On replication v2.1 failover is requested on a per backend basis, so when a failover request is received by the API it is then redirected to a specific volume service via an asynchronous RPC call using that service’s topic message queue. Same thing happens for freeze and thaw operations.

It works when we have a one-to-one relation between volume services and storage backends, but it doesn’t when we have many-to-one relationship because the failover RPC call will be received by only one of the services that form the cluster for the storage backend and the others will be oblivious to this change and will continue using the same replication site they had been using before. This will result in some operations succeeding, those going to the service that performed the failover, and some operations failing, since they are going to the site that’s not available.

While that’s the primary issue, it’s not the only one, since we also have to track the replication status at the cluster level.

Use Cases

Users want to have highly available cinder services with disaster recovery using replication.

It is not enough that individual features will be available on their own as they’ll want to have them both at the same time; so being able to use either Active-Active configurations without replication, or replication if not deployed as Active-Active, is insufficient.

They could probably make it work if they stopped all but one volume services in the cluster, issued the failover request, and once it has been completed they brought the other services back up, but this would not be a clean approach to the problem.

Proposed change

The proposed change in its core is to divide the failover operation in the driver into two individual operations, one that will do the side of things related with the storage backend, for example force promoting volumes to primary on the secondary site, and another that will make the driver perform all the operations against the secondary storage device.

As mentioned before only one volume service will receive the request to do the failover, so by splitting the operation the manager will be able to request the local driver to do the first part of the failover and once that is done it will send all volume nodes in the cluster handling that backend the signal that the failover has been completed and that they should start pointing to the failed over secondary site, thus solving the problem of some services not knowing that a new site should be used.

This will also require two homonymous RPC calls to the drivers new methods in the volume manager: failover and failover_completed.

We will also add the replication information to the clusters table to track replication at the cluster level for clustered services.

Given current use of the freeze and thaw operation there doesn’t seem to be a reason to do the same split, so these operations would be left as they are and will only be performed by one volume service when requested.
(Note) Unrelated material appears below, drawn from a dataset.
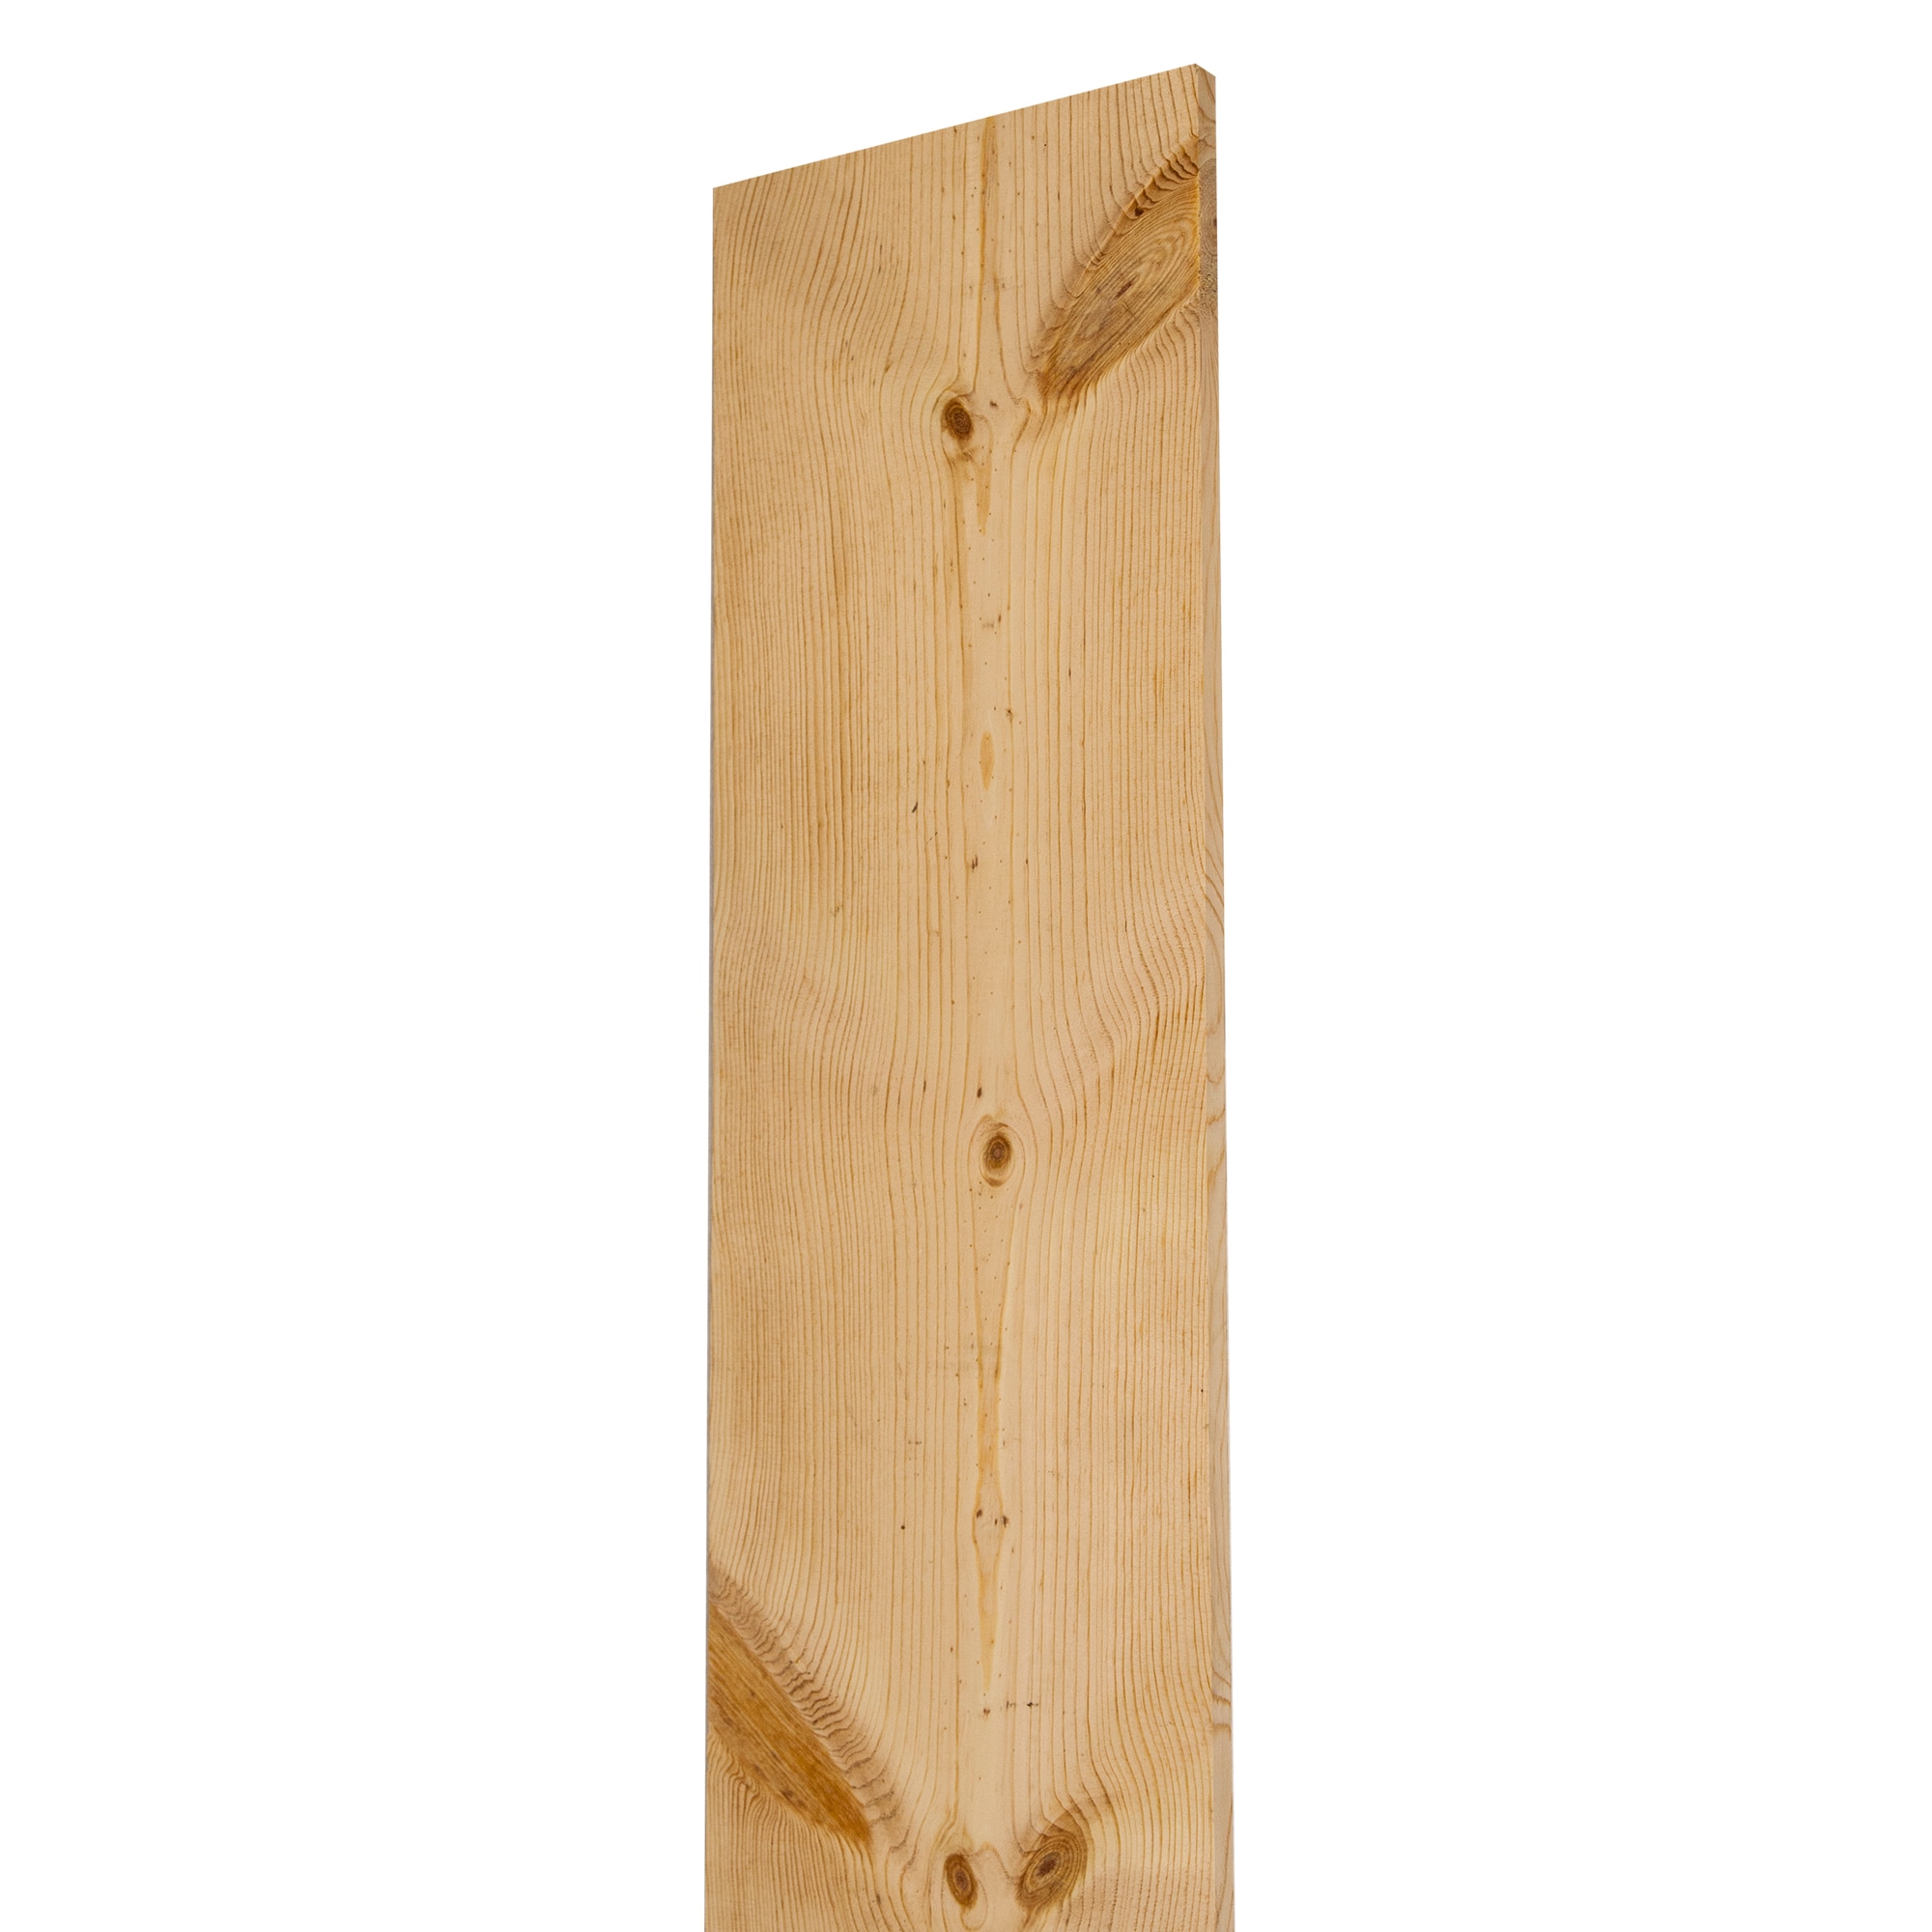 Www boards. Pine Board. Wood Board.

This change will require vendors to update their drivers to support replication on Active-Active configurations, so to avoid surprises we will be preventing the volume service from starting in Active-Active configurations with replication enabled on drivers that don’t support the Active-Active mechanism.

Alternatives

The splitting mechanism for the failover_host method is pretty straight forward, the only alternative to the proposed changed would be to split the thaw and freeze operations as well.

Data model impact

Three new fields related to the replication will be added to the clusters table. These will be the same fields we currently have in the services table and will hold the same meaning:

  • replication_status: String storing the replication status for the whole cluster.

  • active_backend_id: String storing which one of the replication sites is currently active.

  • frozen: Boolean reflecting whether the cluster is frozen or not.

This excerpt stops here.